I Built an AI That Identifies Video Games From Screenshots Using CLIP and FAISS

Adrian ChrysanthouMarch 24, 202610 min read

The Problem with Hard Puzzles

GuessThe.Game reveals five screenshots per puzzle, numbered from easiest to hardest. The images could be anything: a close-up of a texture, a UI element, a character model, or a wide landscape shot. Gamers draw on thousands of hours of gaming experience to recognize these. Can a machine do the same?
With over 1,400 unique games in the puzzle history, training a classifier for each game would be impractical. Instead, I turned it into a similarity search problem.

The Architecture

The system works in two phases: indexing and querying.

Phase 1: Building the Index

First, I scraped every historical puzzle. Over 1,400 puzzles with 5 images each, totaling roughly 7,000+ screenshots.
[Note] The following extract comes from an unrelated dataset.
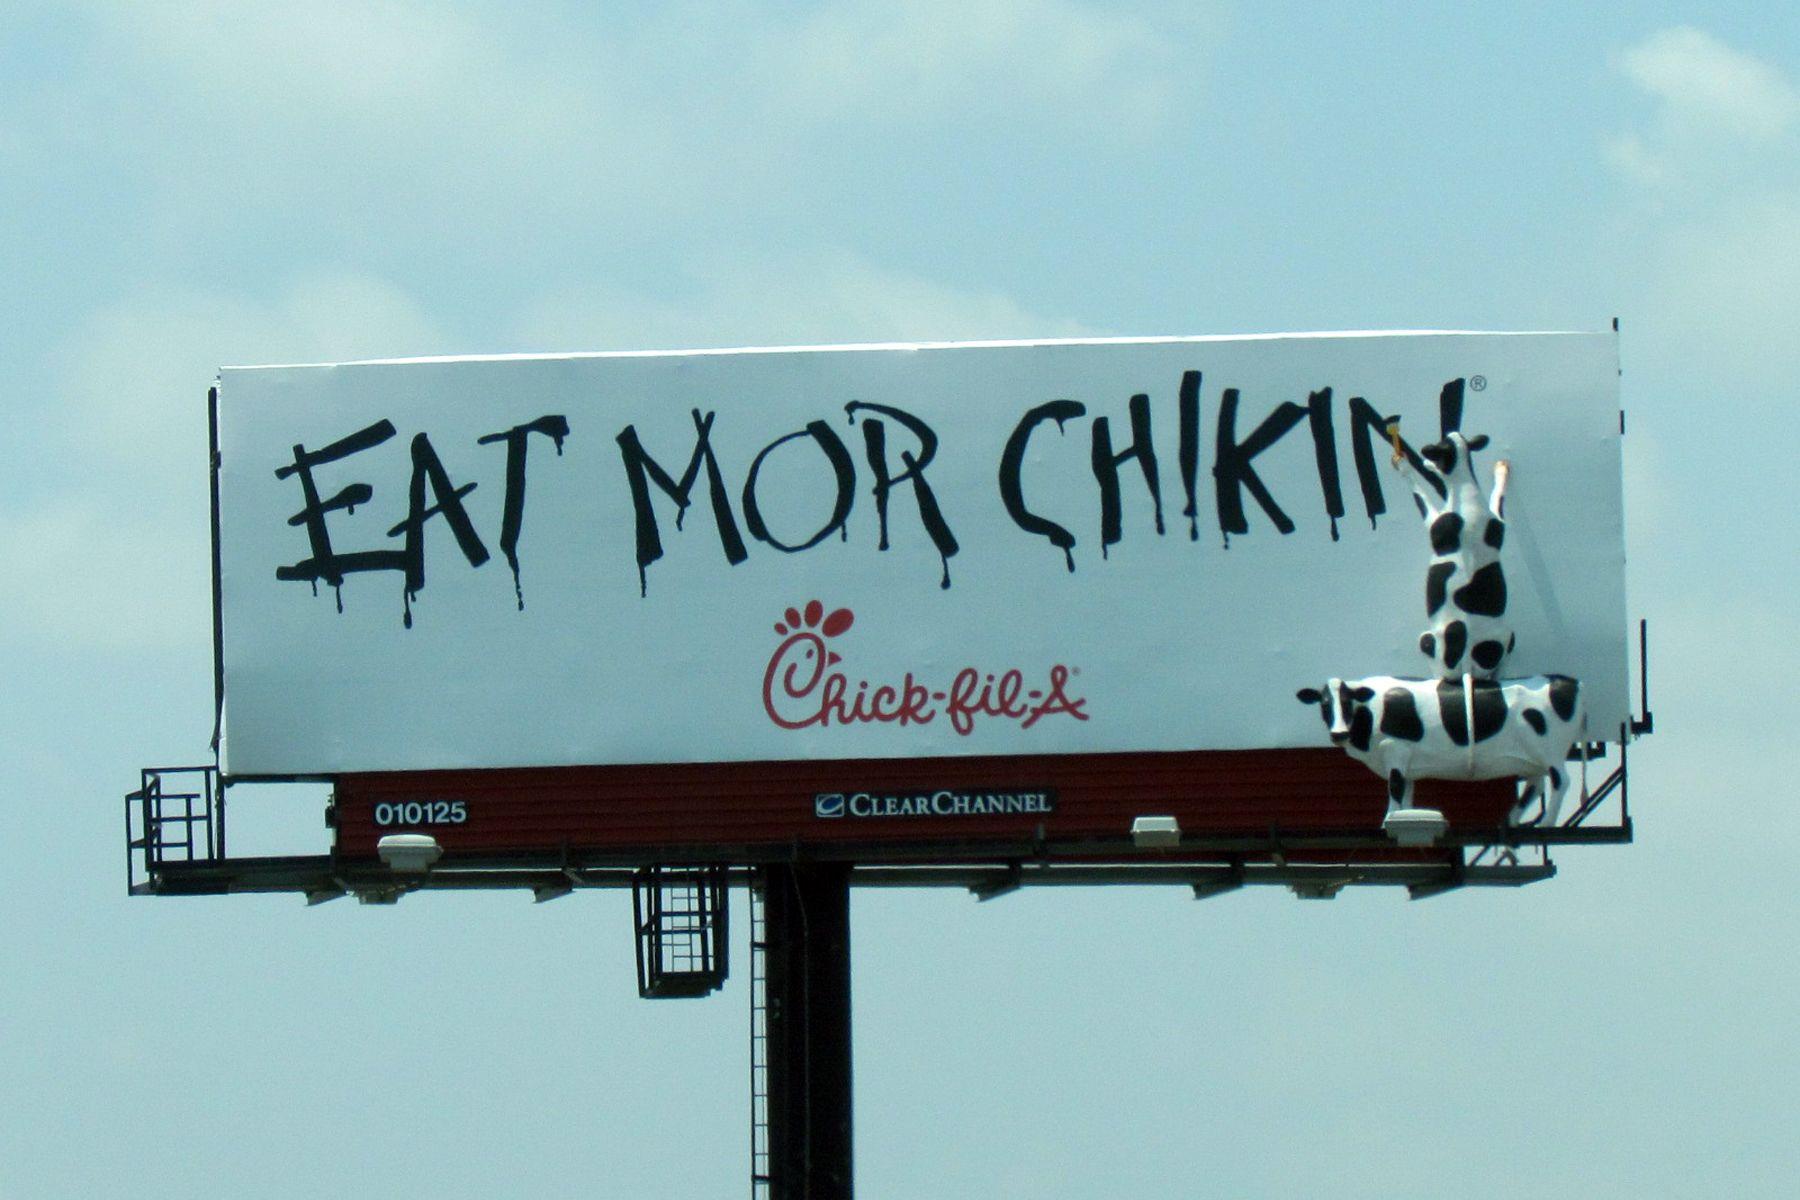 Eat more chicken! ChickFilA Eat more chicken, Chicken
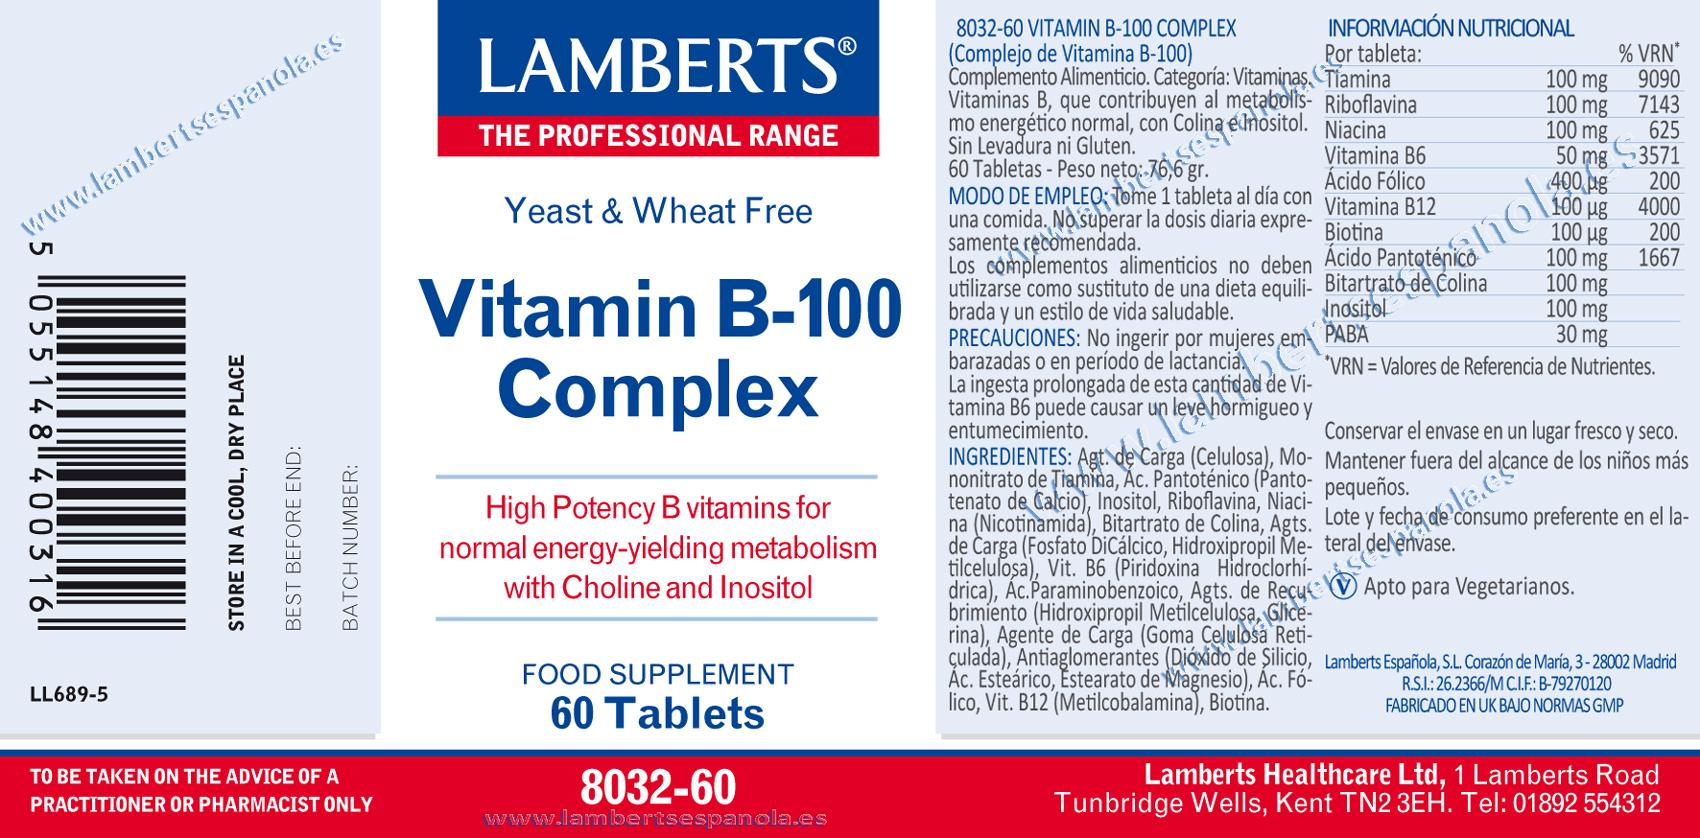 Vitamina del grupo B

Each image gets processed through the same pipeline:

Load the image and resize to 224x224 pixels
Pass it through CLIP's Vision Transformer (ViT-B/32)
L2-normalize the resulting 512-dimensional embedding vector
Store the vector in a FAISS index alongside metadata (game name, puzzle number)

The result is a searchable database of ~7,000 embedding vectors, each one a compressed "fingerprint" of what CLIP sees in that screenshot.

Phase 2: Solving a Puzzle

When a new puzzle drops, the solver downloads all five clue images and runs them through the exact same CLIP pipeline. Each image is represented as a 512-dimensional query vector. Then FAISS kicks in; it compares each query vector against every vector in the index using cosine similarity (implemented as inner product on normalized vectors).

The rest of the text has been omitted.